Second place — High school essay contest: Ellianna Thayne

Ellianna Thayne

Love in the face of faith

FFRF awarded Ellianna $3,000.

By Ellianna Thayne

When I was a little girl, I spent many nights at my grandparents’ home. I was old enough to kneel at the foot of their bed for prayer, but still too young to decide truth from fiction, belief from instruction. 

I would describe my relationship with the Christian god as short and sweet. Before the age of 10, I had bundled up the courage to stop praying, and when I didn’t fall victim to holy wrath, I moved past religion and developed an interest in science instead.

In the honors program at the University of Washington, I plan on pursu-ing a career in neuroscience. Despite moving forward into my future, I couldn’t help but feel that I’d plunged back in time when I learned that my grandparents, whom I had spent so much of my childhood with, were homophobic. 

I was undeterred, certain that when I told them about my girlfriend they would move past a few outdated verses and accept me.
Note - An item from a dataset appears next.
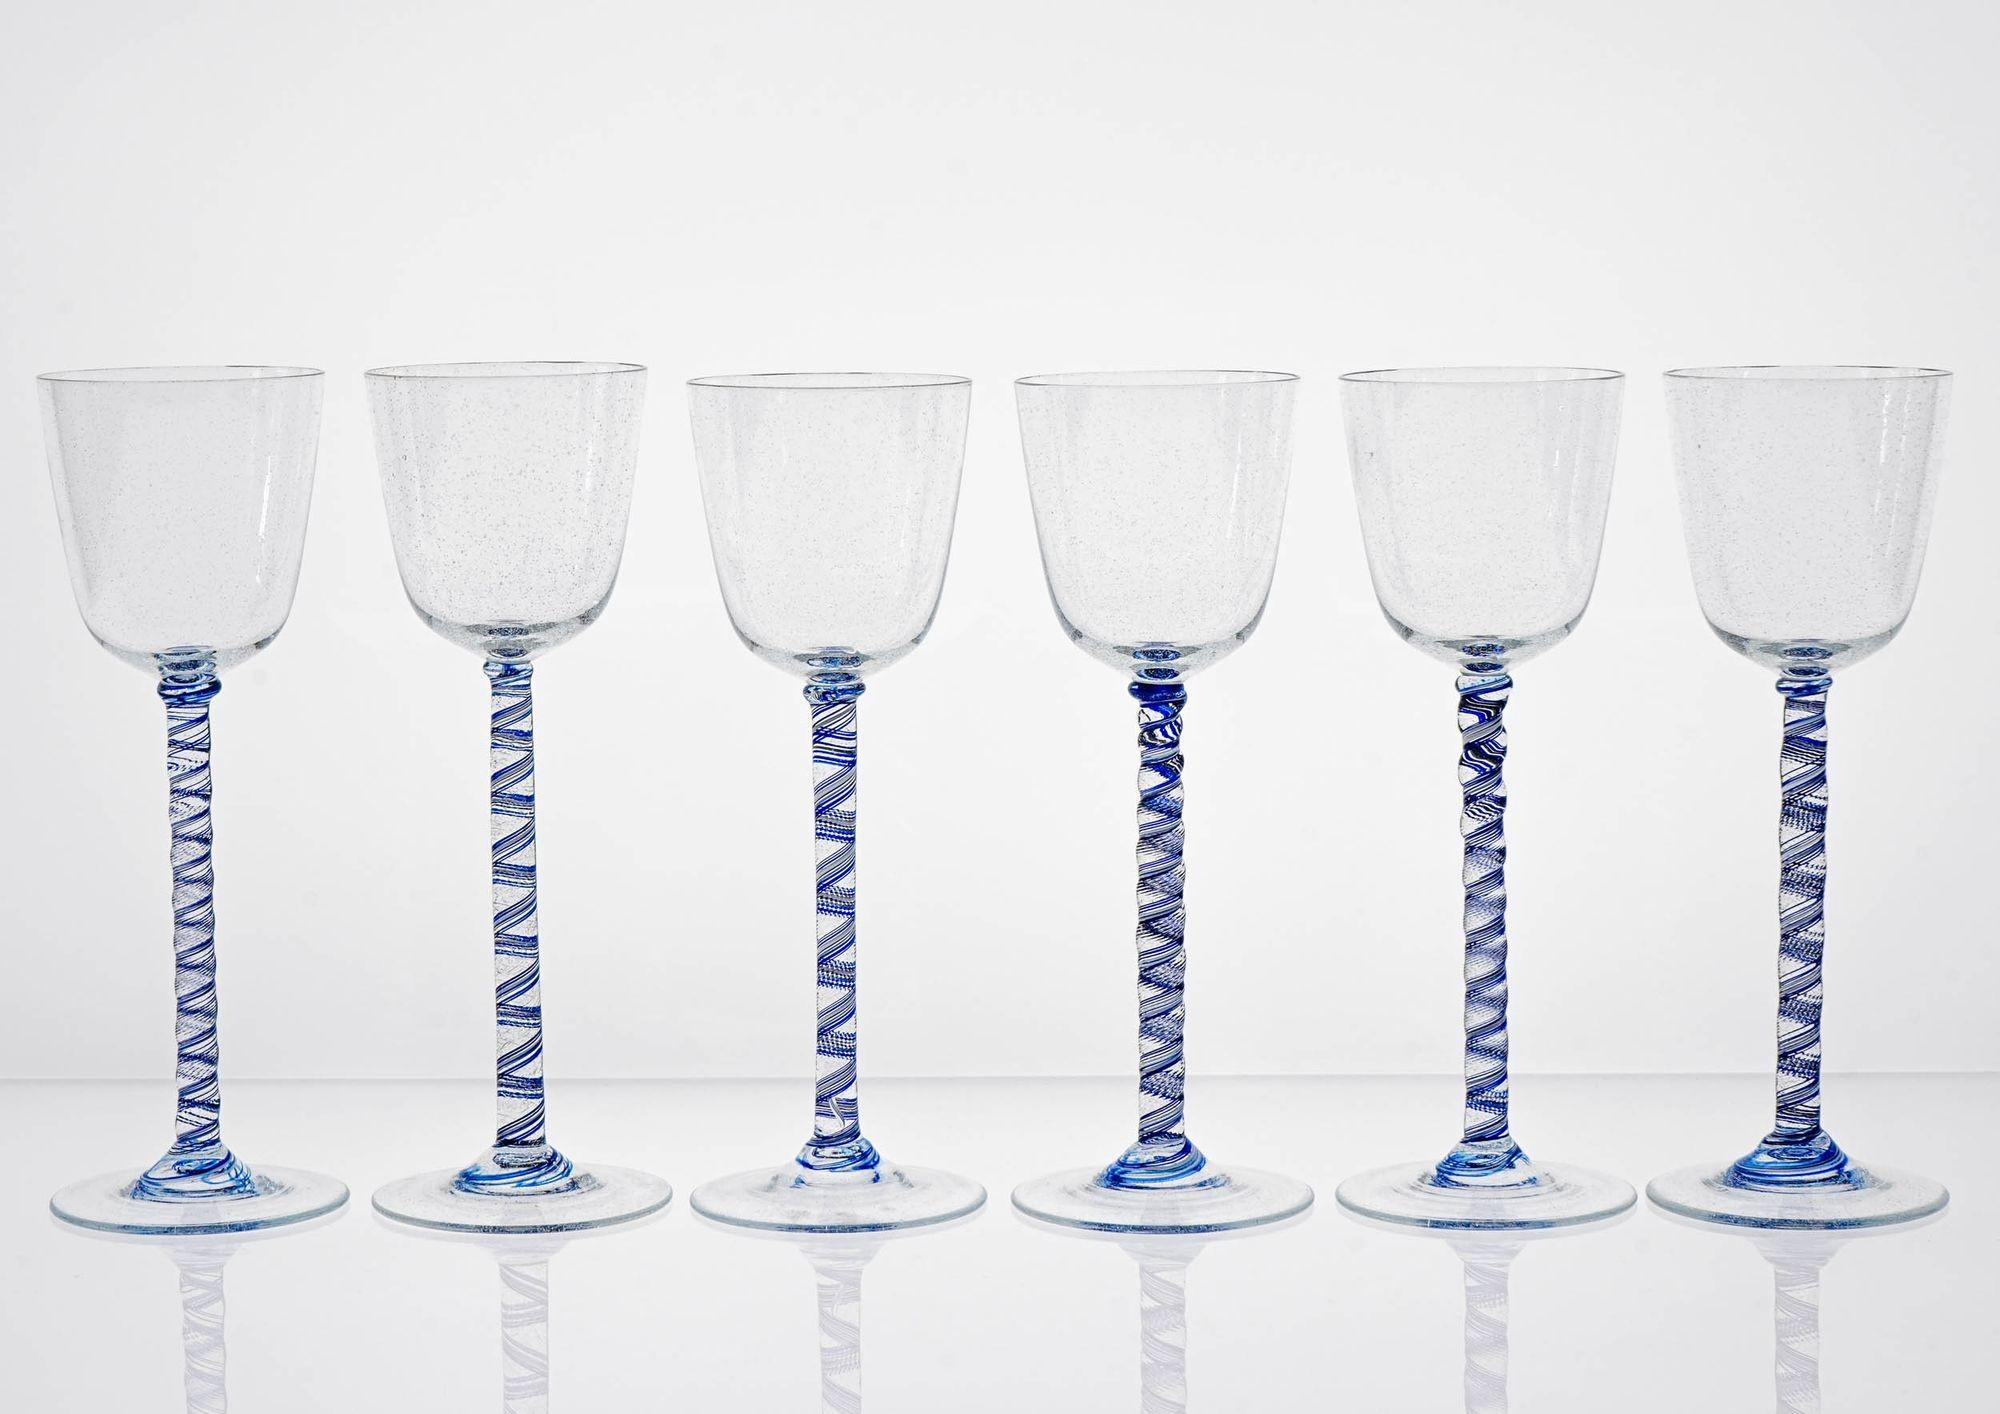 Posséder un ensemble rare et exceptionnel de verres à pied Cenedese
Cet ensemble de verres à pied, qui ne peut être répété, reproduit le verre à pied torsadé classique de l'époque géorgienne du XVIIIe siècle. La tige torsadée est en perle de cobalt.

Instead, my grandparents stopped speaking to me. “It’s not like they don’t love you still,” my mom told me. “They just don’t think God does. It’s the church, honey. It’s the church.” 

In the grand view of the world, I received a light punishment for my sexuality. Women like me have been persecuted in the name of the Christian doctrine for hundreds of years, executed for the supposed sin of homosexuality. When the church and state are one, we are victims of the law; when they are not, we are victims still of the church’s culture. While not all who follow Abrahamic religions believe that homosexuality is morally wrong, a significant number base their homophobia in faith. They say it’s not as God intended, that it’s unnatural.

In the eyes of science, however, homosexuality is entirely natural. Studies conducted over the past 50 years have found that human sexuality has many potential neurobiological sources, all of which indicate that sexual orientation, whether gay, straight, or in between, is an innate result of being human. Homosexual relations have been observed in many other species of animals as well. In fact, not so long ago, two male penguins “adopted” an egg and raised it together in a Berlin zoo. 

When it comes to acceptance of our sexual natures, I firmly believe that science should be the determining factor. We should not, cannot, allow religion to dictate the morality of homosexuality when we know it is neurologically natural. If we as a global community wish to truly evolve, we must move past the limitations of religion and realize that love is what binds humanity, no matter the orientation.

Ellianna, 18, is from Seattle and attends the University of Washington.

“I have won three awards for writing, one through the Seattle Public Library and two through my school, and I am a soon-to-be published author,” Ellianna writes. “My dream is to continue on to the neuroscience program and, after graduation, build a career as a trauma psychiatrist working with international organizations, such as Doctors Without Borders.”